챗GPT를 중심으로 초거대 AI 시장이 커지고 있는 가운데 말단(Edge, 엣지)에서의 MCU급 반도체에 인공지능 및 머신러닝 기술 탑재도 굉장히 활발한 상황이다. 이에 글로벌 MCU 제조사들은 AI 역량을 가진 기업과 협업하며 자사 제품에 엣지AI 성능 향상에 집중하고 있다.
High-performance platform for edge AI-based embedded solutions
As the ultra-large AI market centered around ChatGPT grows, the installation of AI and machine learning technologies in MCU-level semiconductors at the edge is also very active. Accordingly, global MCU manufacturers are focusing on improving edge AI performance in their products by collaborating with companies with AI capabilities.
Taiwanese semiconductor company Nuvoton Technology Corporation, in collaboration with Skymizer, recently announced that it achieved 'MLPerf Tiny Benchmark' leadership in the Cortex-M4 MCU category with the NuMaker-M467HJ evaluation board and Skymizer's ONNC ML optimization.
The Nuvoton M467 series MCUs use Arm Cortex-M4Fs that operate at a typical 200MHz, and are 67% faster than typical Cortex-M4Fs. This is because the controllers leverage Skymizer’s neural network technology, combined with ML software optimizations, to achieve industry-leading inference performance.
MLCommons is an independent machine learning performance benchmarking collaboration that has established itself as a trusted standard for evaluating ML performance across a wide range of systems. For the MLPerf Tiny benchmark, we focus on practical ML use cases running on embedded systems, such as △virtual wake words △keyword spotting △image classification △audio anomaly detection.
The Nuvoton M467 series consists of a rich set of integrated system functions and peripherals, including △512KB of SRAM △1024KB of flash memory △DSP △FPU △DMA △CAN-FD △I2S △USB △camera interface △encryption accelerator △10/100 Ethernet MAC.

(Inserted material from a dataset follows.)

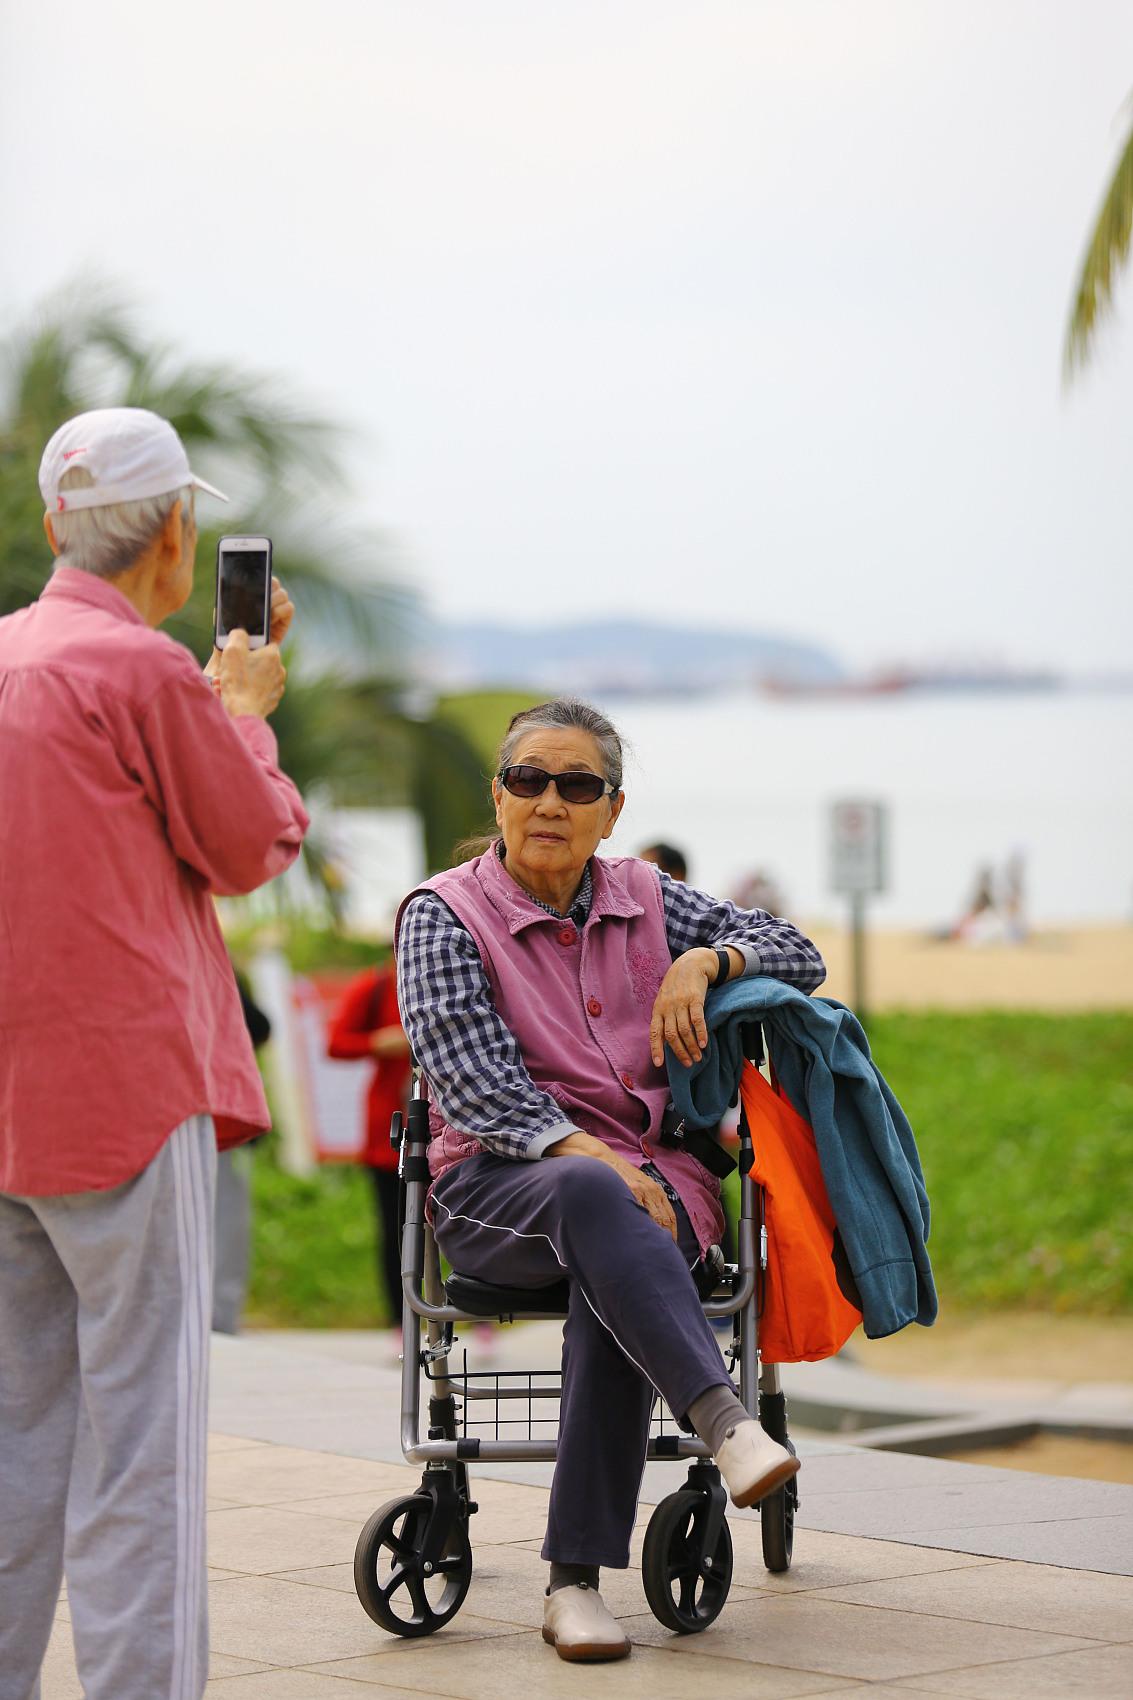 2021年养老金将迎第17连涨 涨幅应适当高于物价上涨
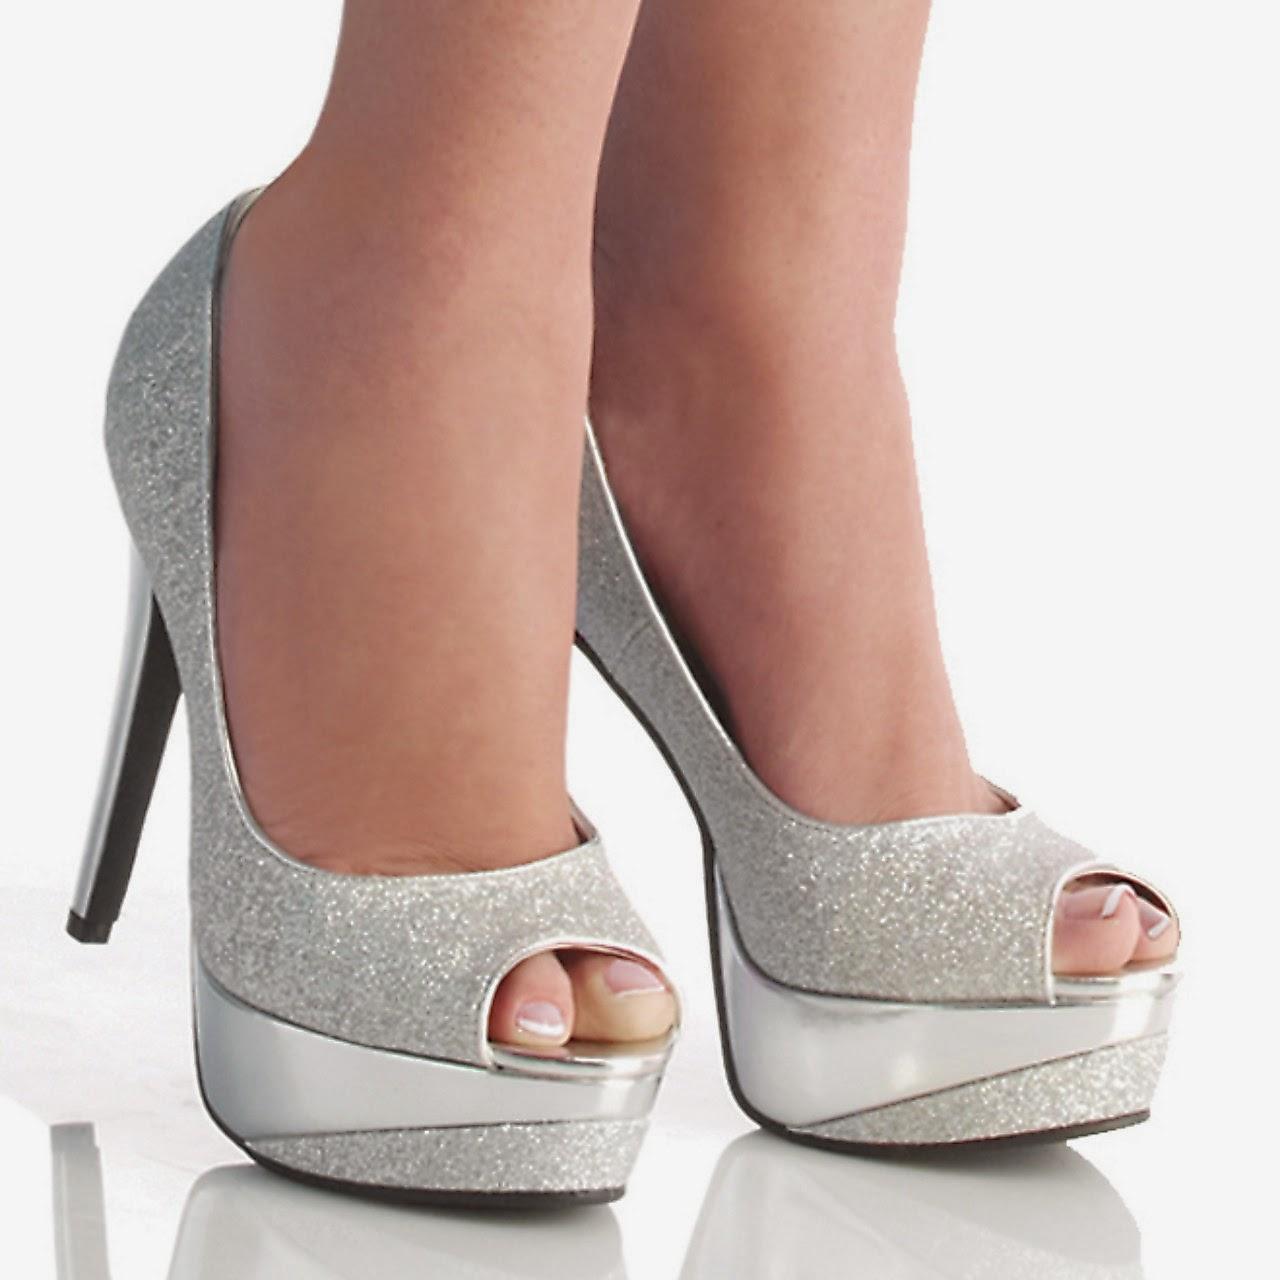 Lindos zapatos de fiesta de tac n alto dise os for Diseno de zapatos

These capabilities make TinyML a great choice for system designers building devices that integrate into applications such as smart home automation, smart cities and infrastructure, light edge AI in IoT, and smart manufacturing.
Skymizer’s ONNC compiler has played a key role in optimizing the machine learning software stack for the M467 series Cortex-M4F, resulting in notable gains in inference speed and overall performance improvements for machine learning applications.
The collaboration between Nuvoton and Skymizer aims to provide cutting-edge solutions for ML in power-efficient embedded systems. Nuvoton said that the combination of hardware excellence and software optimization opens up the possibility of ML-based applications on MCUs.
“These achievements in the Cortex-M4 MCU segment of the MLPerf Tiny benchmark are a testament to the efforts of Nuvoton and Skymizer to push the boundaries of machine learning performance in resource-constrained environments,” Nuvoton added.